Their laughter echoed through the hallways as they moved from room to room, the derelict beauty of the place weaving an enchanting spell around them. Then, tucked away in the corner of what used to be a lavish bedroom, Trent’s gaze fell upon an armoire, its wood darkened with age.

“Check this out,” he called to Maggie, pulling open the creaky cupboard and drawers to find mostly dust bunnies and dead flies. After wrestling with the latch on the cabinet, he uncovered a stack of yellowed pamphlets, their edges brittle to the touch.

“Is that what I think it is?” Maggie asked, peering over his shoulder with wide eyes.

“Madame Katz’s menu of…kittens and services,” he confirmed, a hint of heat creeping onto his cheeks as he read the titles aloud. “‘Miss Alice and the Privateer’s Prize’? ‘Miss Kitty and the Captain’s Kiss’—they sound like bad romance novels.”

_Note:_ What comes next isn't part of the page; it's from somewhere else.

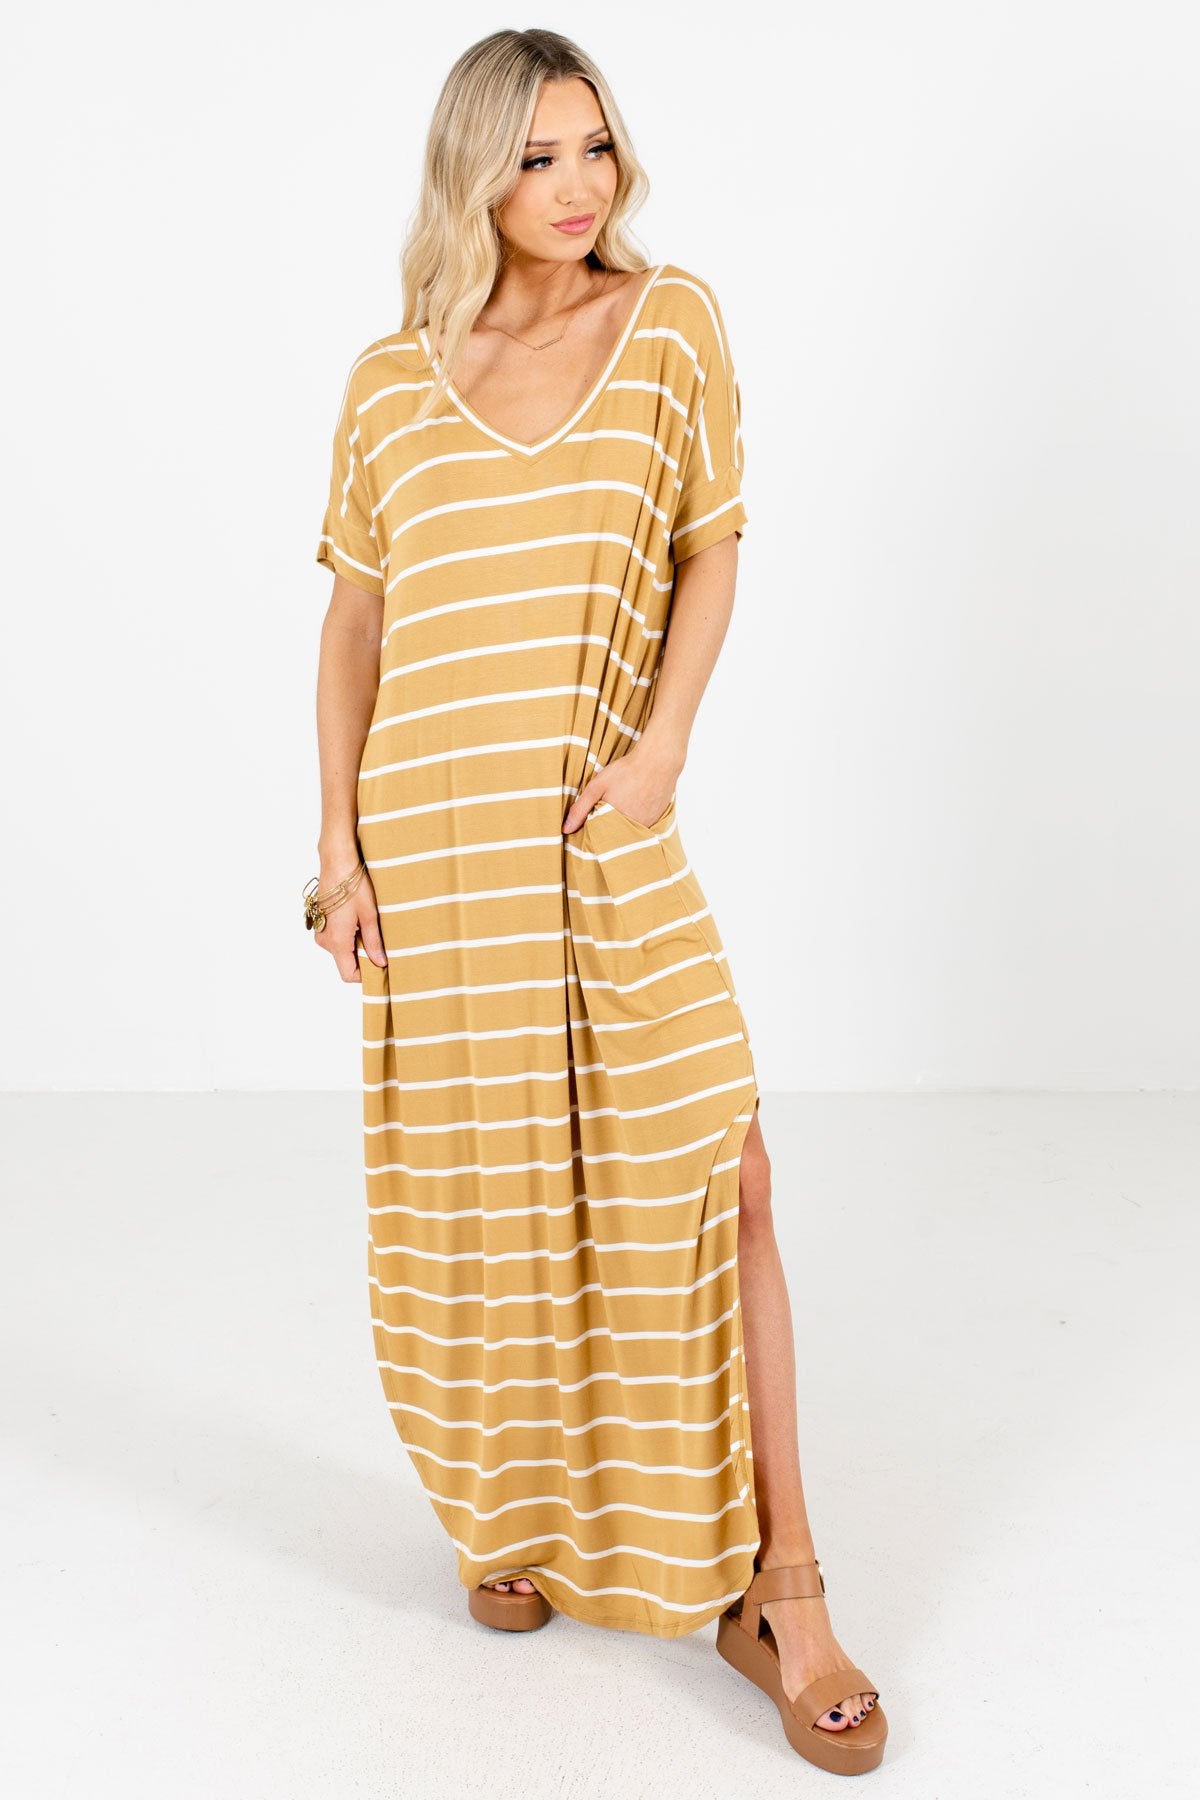 Yellow and White Striped Boutique Maxi Dresses for Women

“Or really good ones, depending on your taste,” Maggie countered, arching her brow playfully.

They stood side by side, flipping through the pages, their amusement growing louder with each absurdly named act. “Oh, look—’Martha and the Mariner’s Prayer.’ And they have pictures! Do you think it’s called that because she’s on herknees?” She nudged Trent with her elbow and gave him the Groucho Marx eyebrows. “Look. Swallowing is a dime extra. A whole dime! Can you imagine the taste back then?” She made a face.

Swallowing.

Something Trent was no longer capable of doing.